The loom test mostly comes into view in crypto and has been a current factor in the case by SEC against Ripples regarding XRP’s sales. The Securities and Exchange Commission has shown its intention to appeal the decision. 

However, District Judge Annalisa Torres held that XRP’s programmatic sale, carried out by Ripples on a planned basis and in the absence of formal contracts, failed to fulfill the Howey Test. Not long after, a judge refused to extend the decision by Torres when deciding on the Securities and Exchange Commission’s plea against Terraform Labs and Do Kwon.

The SEC claimed that an investment contract’s existence can comprise a ‘scheme’ and ‘fails to turn on in the presence of an official contract between parties.’ Nevertheless, legal scholars claimed that history would show something different.

Seller-Purchaser Contractual Agreement Affirmed in Securities’ Law

The scholars claimed that Congress’s passing of the Securities and Exchange Act of 1934 established that a contract agreement between purchasers and sellers was critical for an investment contract to exist. Further, they claimed this is founded on decisions concerning the alleged blue-sky regulations that the regulation was associated with.

The term ‘investment contract’ in the definition of security was initially included in a law ratified in Minnesota in 2019. Afterward, it was established in the court’s system that a contractual agreement was a critical element of this term.

The scholars claimed that other states later adhered to this standard. Specifically, they divulged that by 1933, the state courts had settled on a standard for implementing the term investment contract to refer to a contractual arrangement entitling an investor to a contractual part of the seller’s future assets, income, or profit.

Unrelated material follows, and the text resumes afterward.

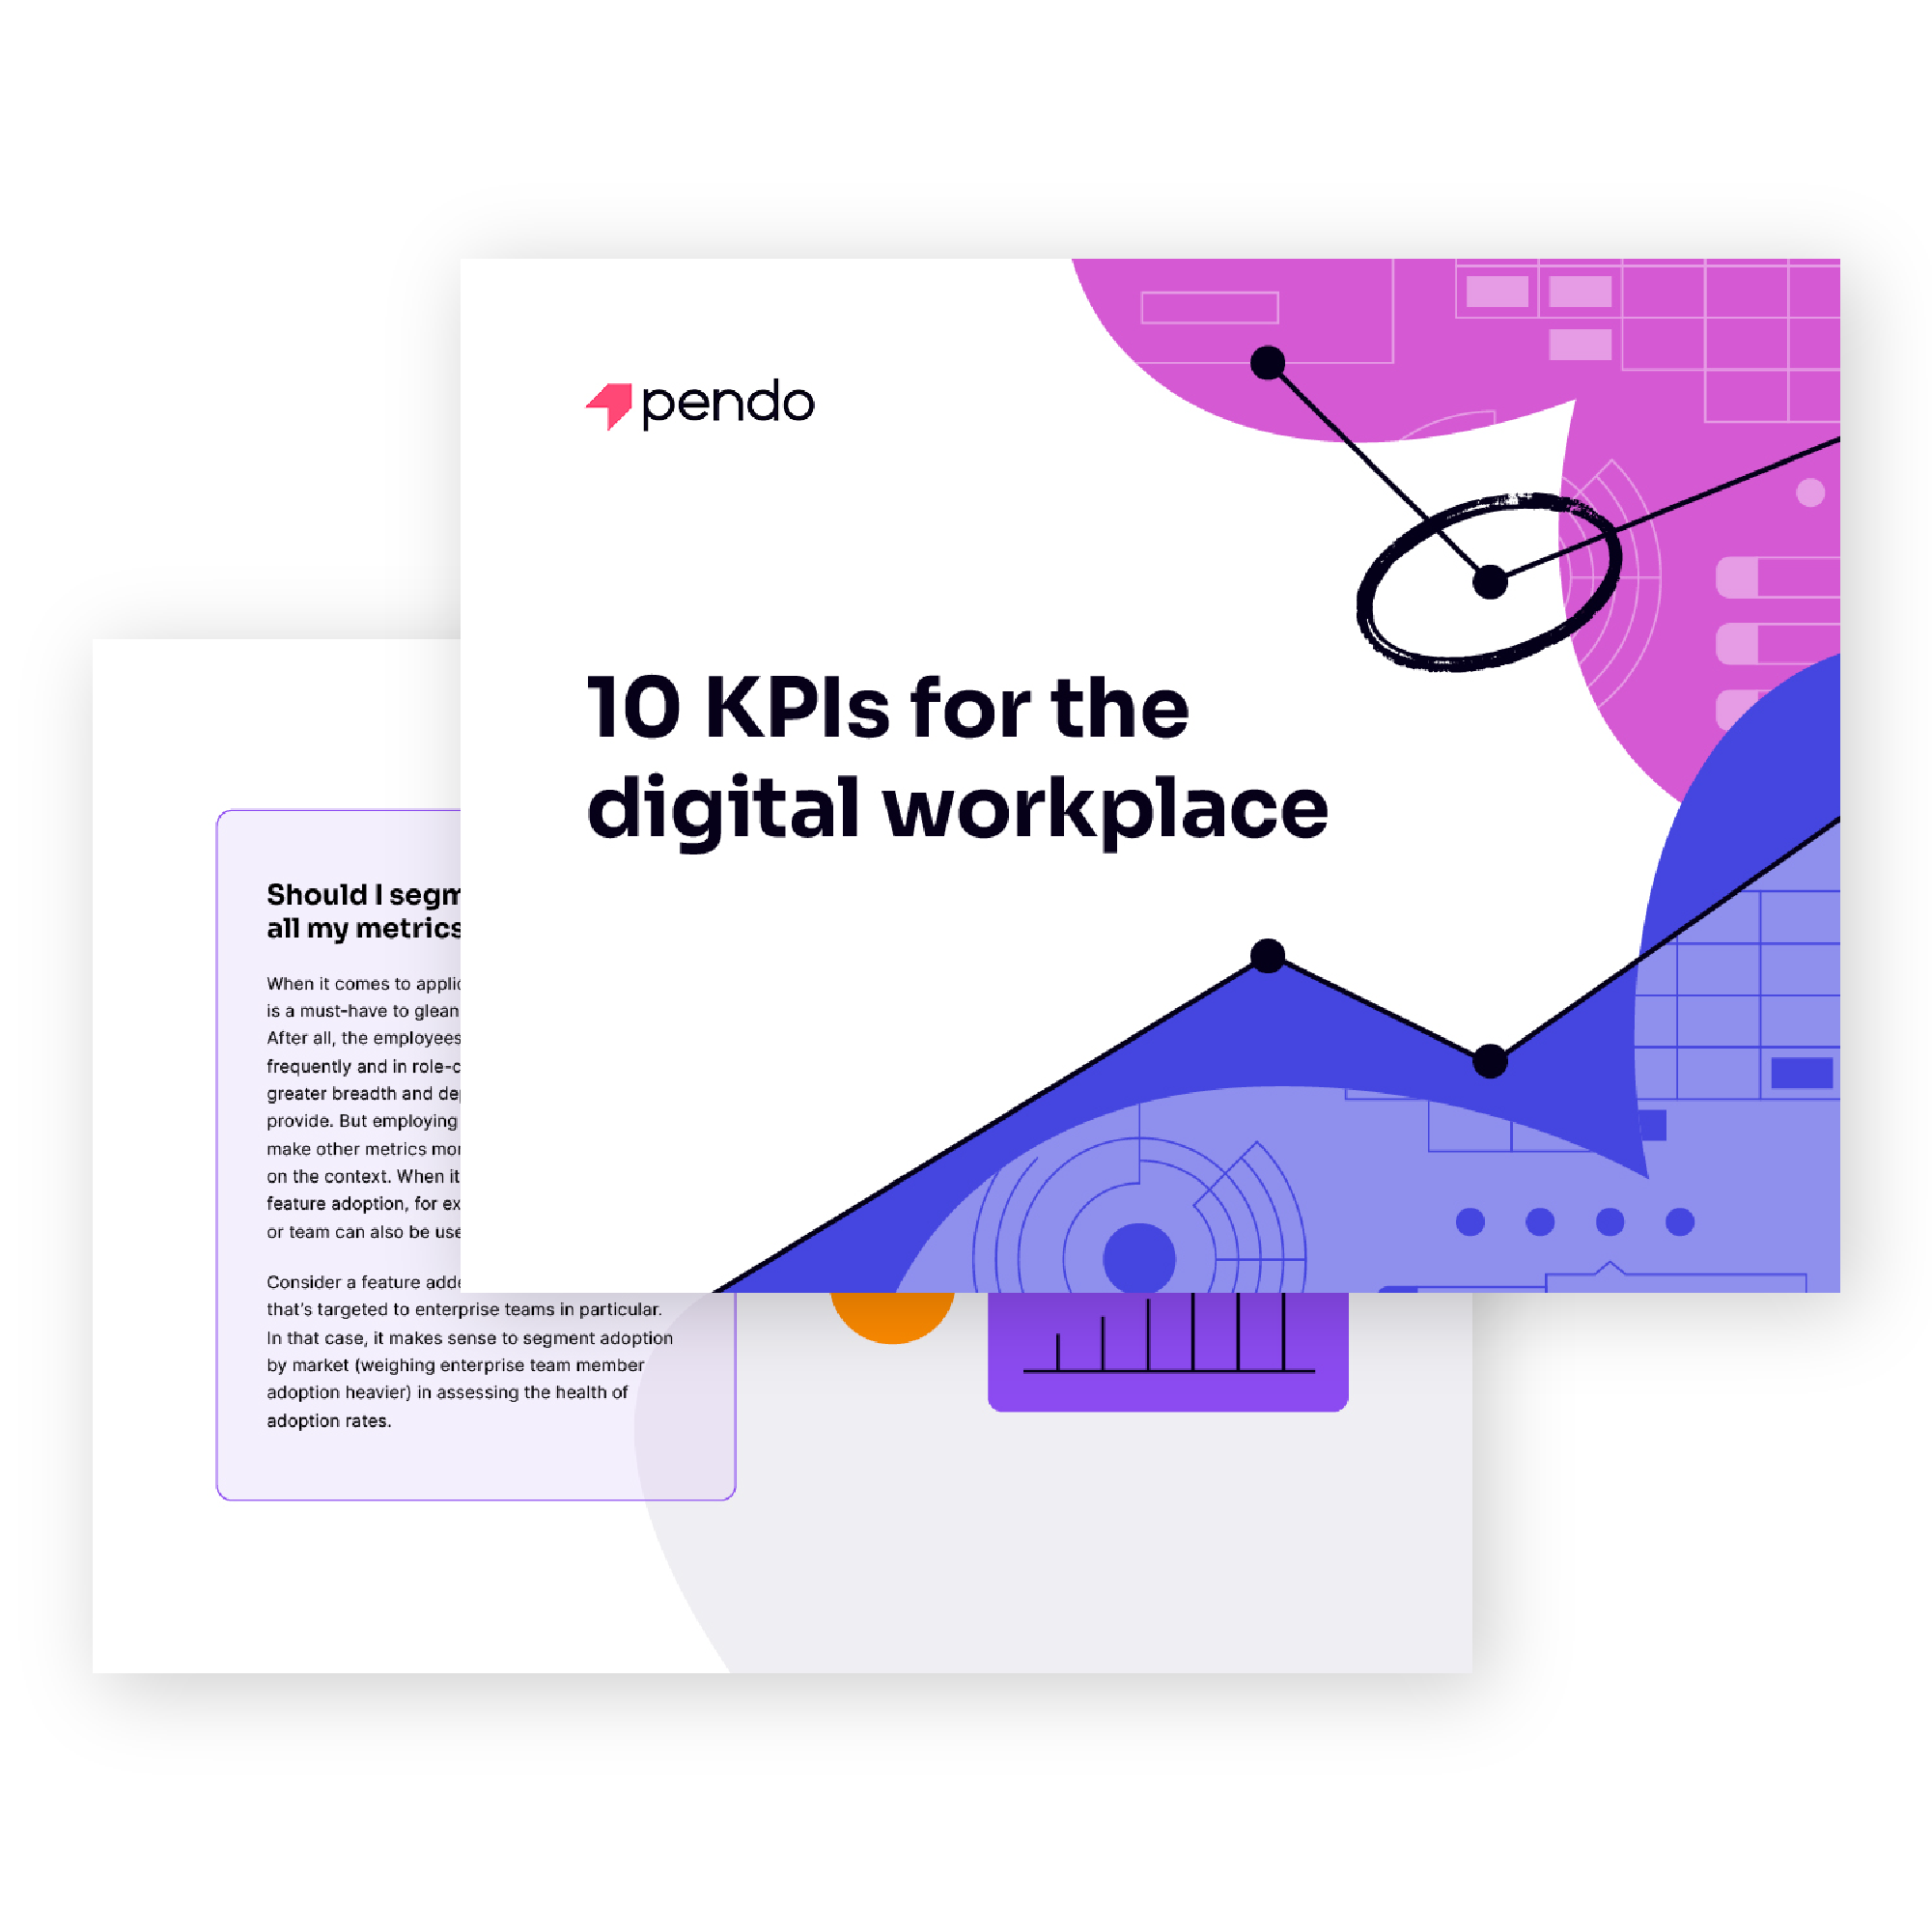 10 KPIs for the digital workplace

According to the scholars, the Supreme Court has reiterated decisions that the state-level courts established. Further, each investment contract established at the greatest levels of the United State’s legal system entails a contractual responsibility between purchasers and sellers.

Law Scholars Urge Consideration of Investment Contract Within Entire Howey Test

The scholars also claimed that despite the landmark decision of the Supreme Court that resulted in how the Howey Test references the phrase ‘scheme,’ it was not intended to disregard the fundamental documented and historical foundation of what entails an investment contract. They believed including a ‘scheme’ would result in several contracts in the sale of an asset to be taken as a whole.

Based on these factors, the scholars stated that a decision supporting the Securities and Exchange Commission in its lawsuit against Coinbase would divert from the case law created before and following the Securities and Exchange Act of 1934.

Specifically, they claimed that an investment contract needs contractual undertakings to provide future value that reflects a business’s profits, incomes, or assets. Adherence to the term’s settled meaning should be adhered to by the court.